Credo Technology Group is gearing up to unveil its latest high-speed connectivity solutions for AI infrastructure at the TSMC 2026 Technology Symposium, commencing on April 22 in Santa Clara, California. The company is all set to participate in various symposium stops and workshops across North America, Europe, and Asia until July.
For eeNews Europe readers, this announcement sheds light on the continuous efforts to address one of the major challenges in AI hardware: memory and interconnect bottlenecks. It also emphasizes the significance of ecosystem collaboration around advanced nodes in shaping the future of data infrastructure.
Central to Credo’s presentation is OmniConnect Weaver, the inaugural solution in its OmniConnect lineup. Engineered to combat memory bandwidth and latency constraints in AI inference workloads, Weaver seamlessly integrates 112G VSR SerDes with a lightweight AXI framer.
Developed on cutting-edge process nodes from TSMC, such as 5nm and 3nm, the solution aims to provide high-bandwidth, low-latency connectivity across various architectures — from on-die links to chiplet-based designs.

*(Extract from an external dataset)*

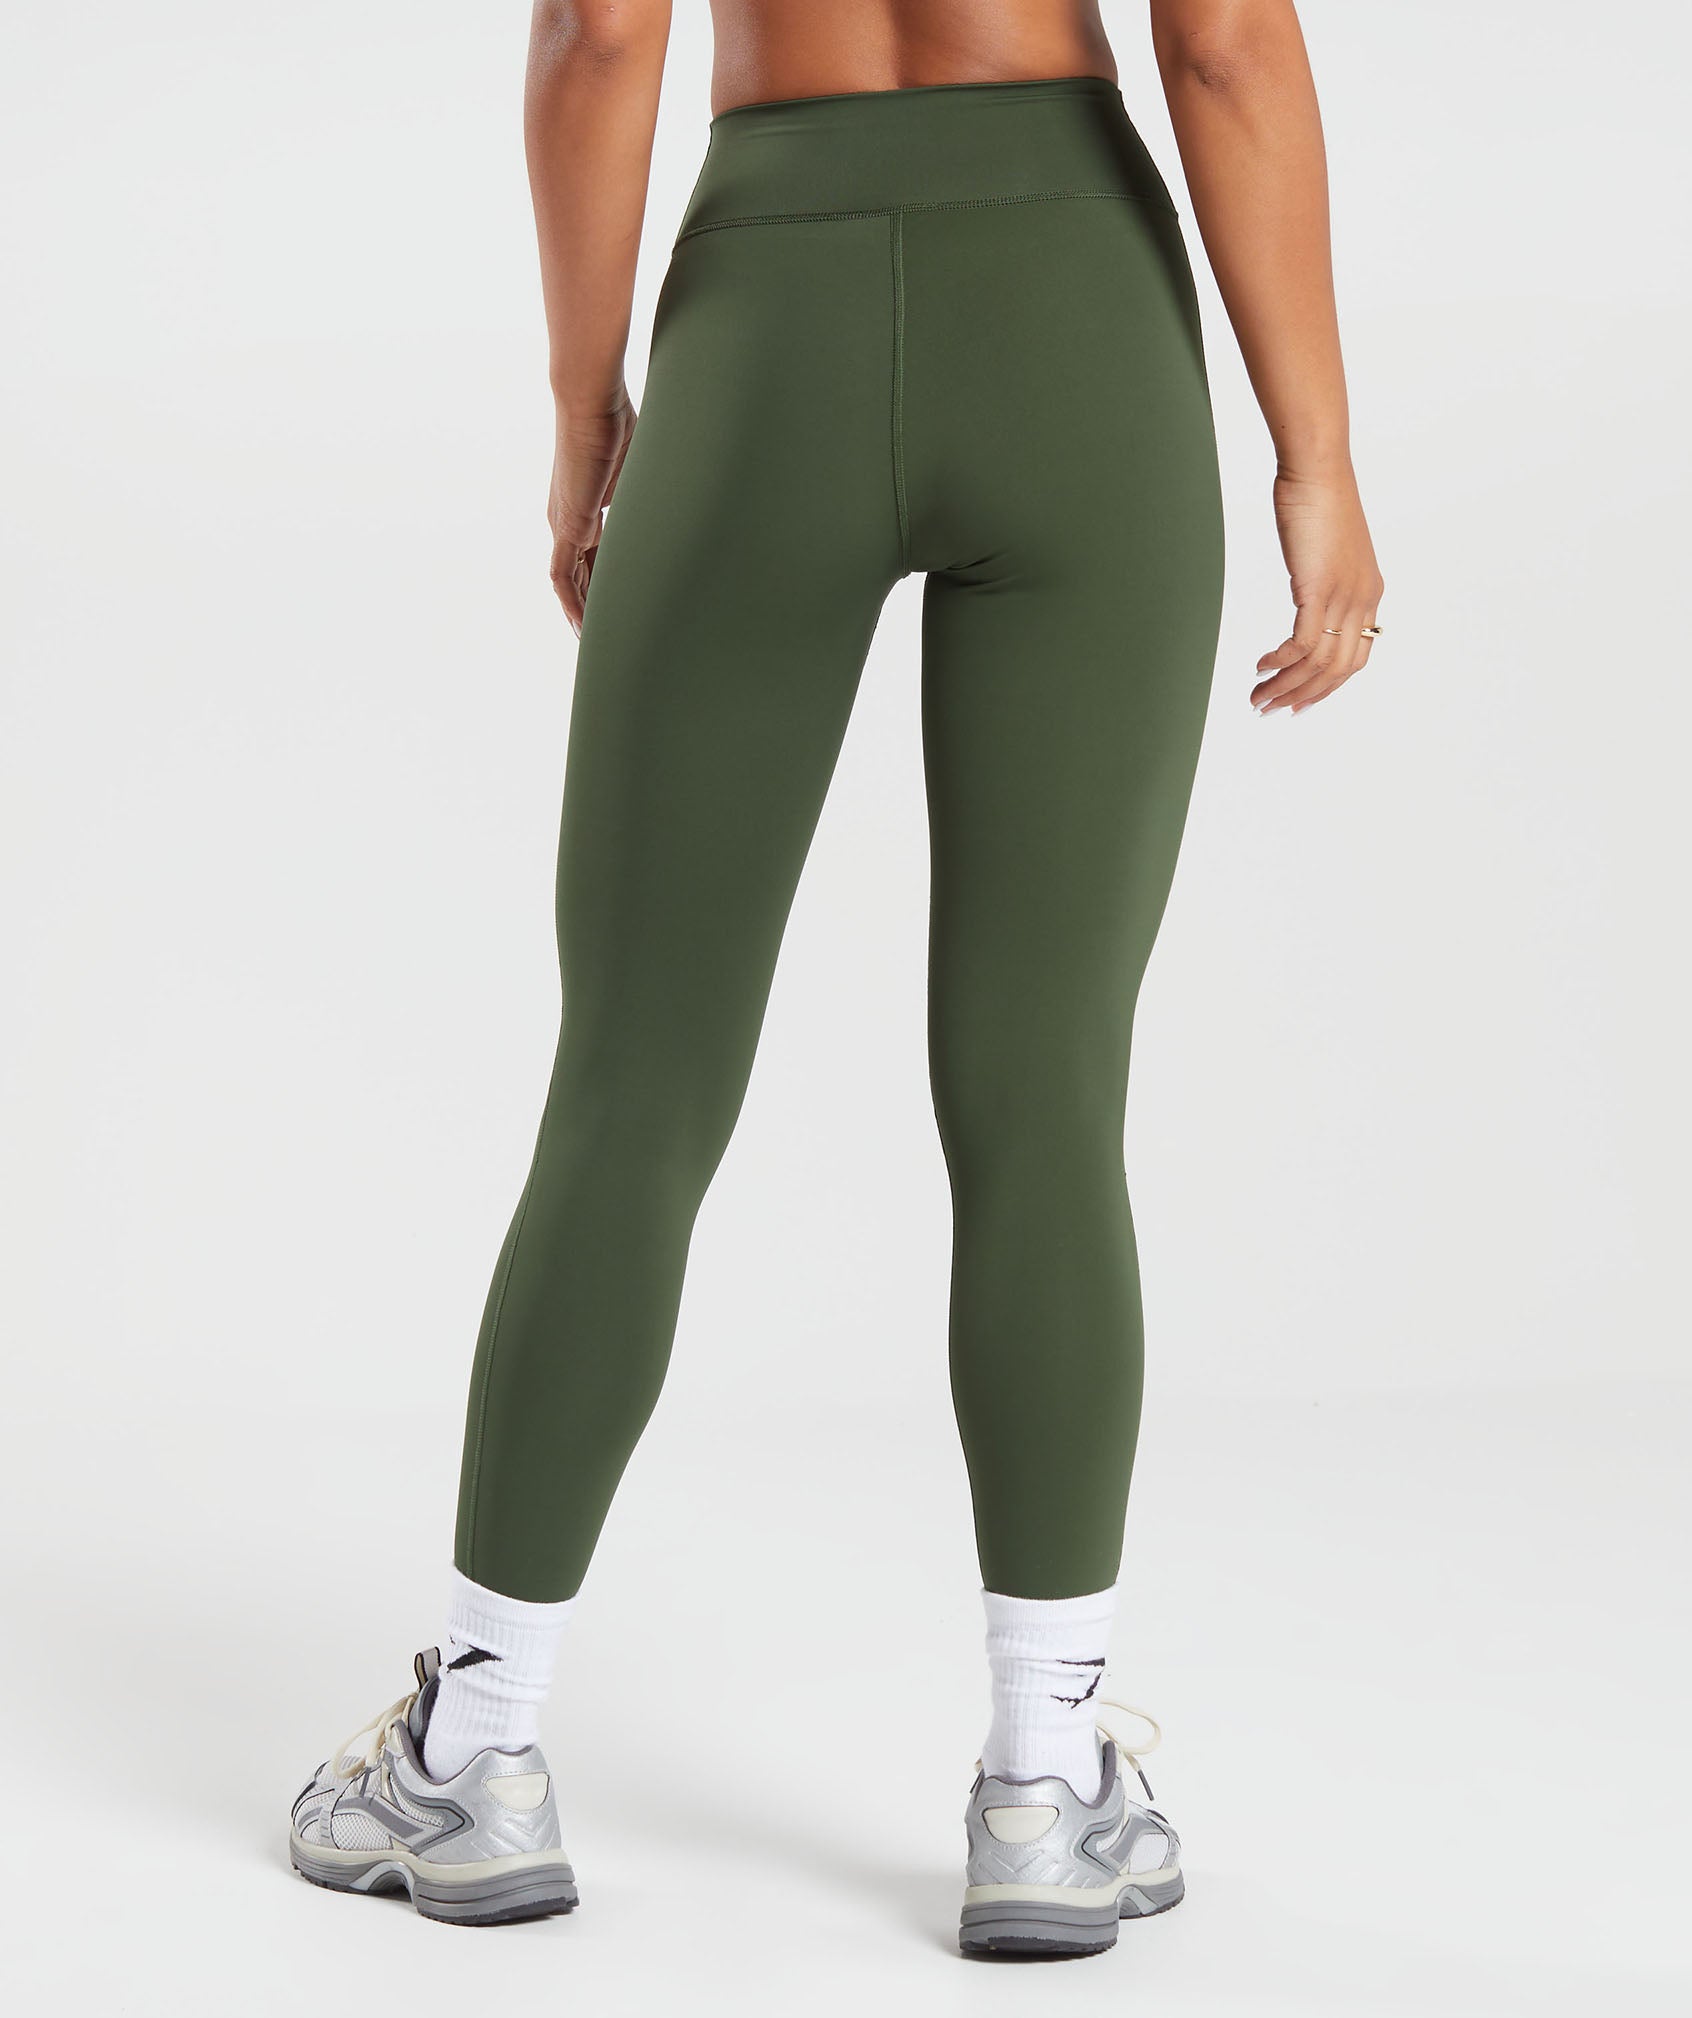 Elevate Leggings in Moss Olive - view 2

Credo asserts substantial enhancements over traditional LPDDR5X approaches, including a 10× surge in I/O beachfront density and up to 20× higher memory density. These advancements target the scalability hurdles encountered in AI inference as models become larger and more intricate.
Alongside Weaver, Credo will also introduce its 224G PAM4 SerDes IP, implemented in TSMC’s 3nm process technology. This solution facilitates 224G per lane data transmission, supporting aggregate bandwidths of up to 1.6Tbps.
Such elevated performance levels are increasingly crucial for hyperscale data centers, cloud computing, and AI clusters, where efficient high-speed interconnects play a pivotal role in system throughput and power consumption.
“Credo has a longstanding partnership with TSMC, and we both share a vision for propelling AI forward through innovation and collaboration,” stated Jeff Twombly, Vice President of Business Development at Credo. “TSMC’s Technology Symposium events serve as a platform to bring the ecosystem together for learning, networking, and idea exchange. We cherish the opportunity to contribute to these vital discussions that are shaping the energy-efficient, scalable AI architecture of tomorrow.”
Credo’s involvement spans multiple locations, including stops in Austin, Boston, Hsinchu, Amsterdam, Shanghai, and Yokohama. This extensive presence mirrors the global nature of semiconductor ecosystem development, especially as AI fuels the demand for advanced packaging, chiplet integration, and high-speed interconnect technologies.
With AI infrastructure expanding rapidly, solutions like OmniConnect Weaver and next-generation SerDes IP underscore a growing emphasis on optimizing data movement — an aspect increasingly deemed as critical as compute performance itself.